With the ongoing furore about New Order’s viability as band in 2009 (bassist Peter Hook has been declaring the pioneering Mancunian outfits demise since November 2006, shortly after the footage aired on the main feature here was shot), this may well end up as something of an epitaph - but is it a fitting one?
As it goes, not really. Shot at Glasgow’s Academy venue, it finds the band performing a greatest hits set – including four Joy Division numbers – in what can only be termed reduced circumstances. Sure, the crowd is at full capacity and sings along loudly to every word, but the Academy is simply too small a venue to readily accommodate the stadium indie sound that NO spent the best part of three decades creating, which leaves the video looking a little cheap and ragged around the edges - which surely wasn’t the intention of any of the parties involved.
Still, the music’s good, right? Well, yes, of course. And the dancier numbers of the bands oeuvre fare best in the intimate environs of the Academy; Bizarre Love Triangle in particular sounds impassioned and committed, whilst newer material like Krafty and Waiting for the Sirens Call also have a good go at showing younger acolytes how it’s done. Of the ‘classics’, let’s just say that years of performance seem to have taken their toll on the band’s enthusiasm for some, especially Bernard Sumner, who really looks like he’d rather be elsewhere - anywhere, actually - on the likes of Temptation and Blue Monday.

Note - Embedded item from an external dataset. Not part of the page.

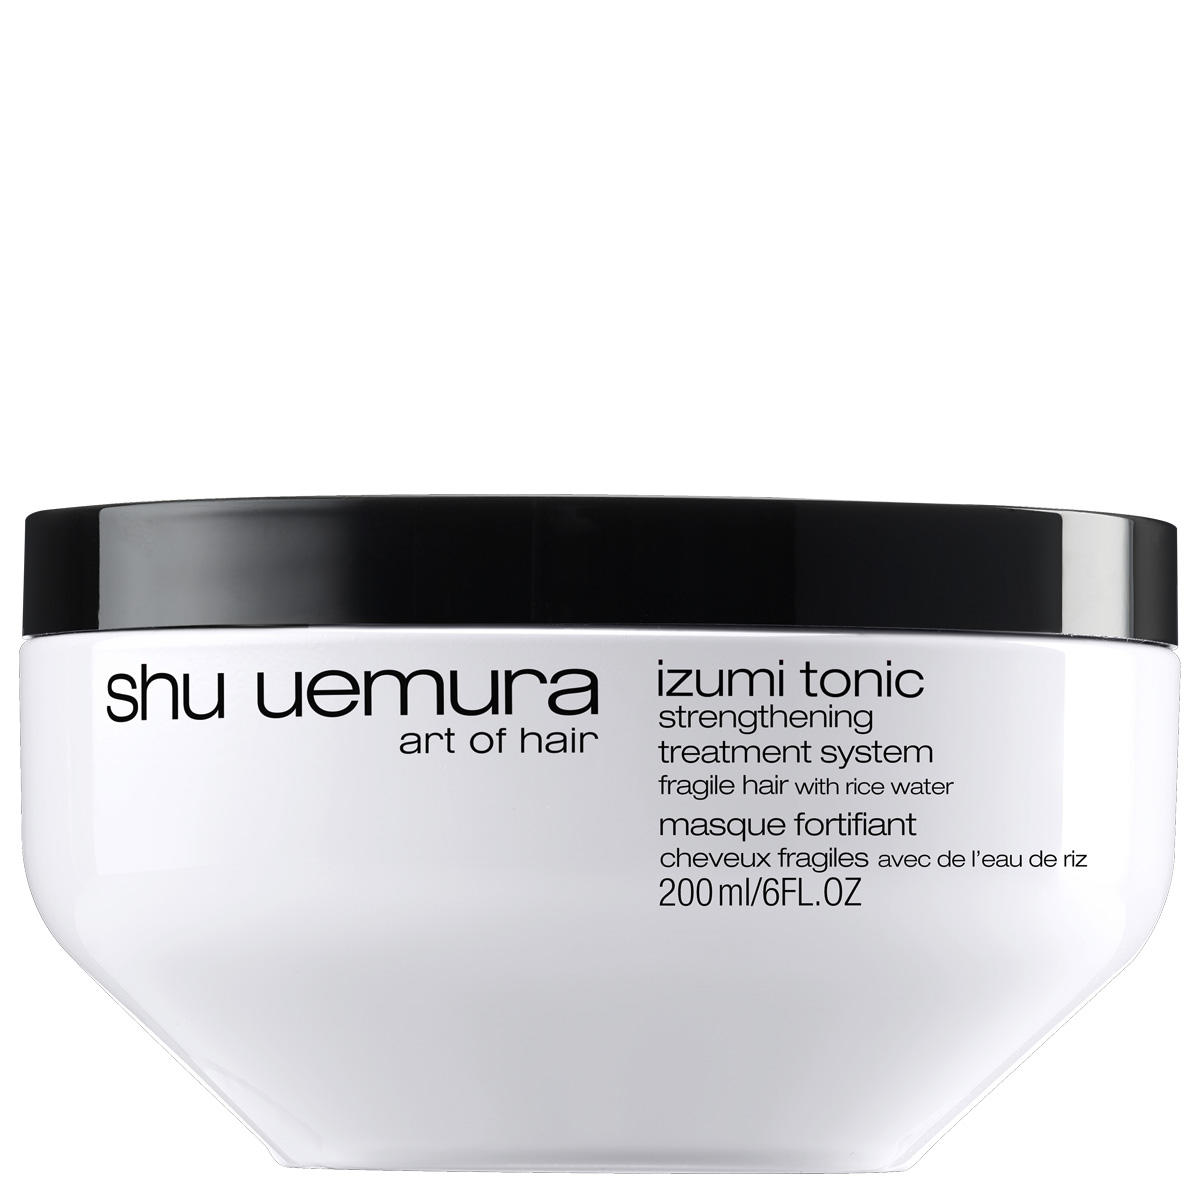 Shu Uemura Izumi Tonic Versterkend masker 200 ml - 1

Indeed, this would appear to be the problem at the root of the New Order schism. In interview snippets which intersperse the live footage, Peter Hook bemoans the fact that the rest of the band don’t enjoy touring - or indeed playing the band’s rockier material - anymore, and there is a certain weariness in performance that won’t fail to dampen your enjoyment of the Glasgow set featured. Maybe a trip to the bonus disc, which features rare and unseen footage from throughout the band’s career, would be the better option, I thought. And I was right. Wait till this comes on the telly.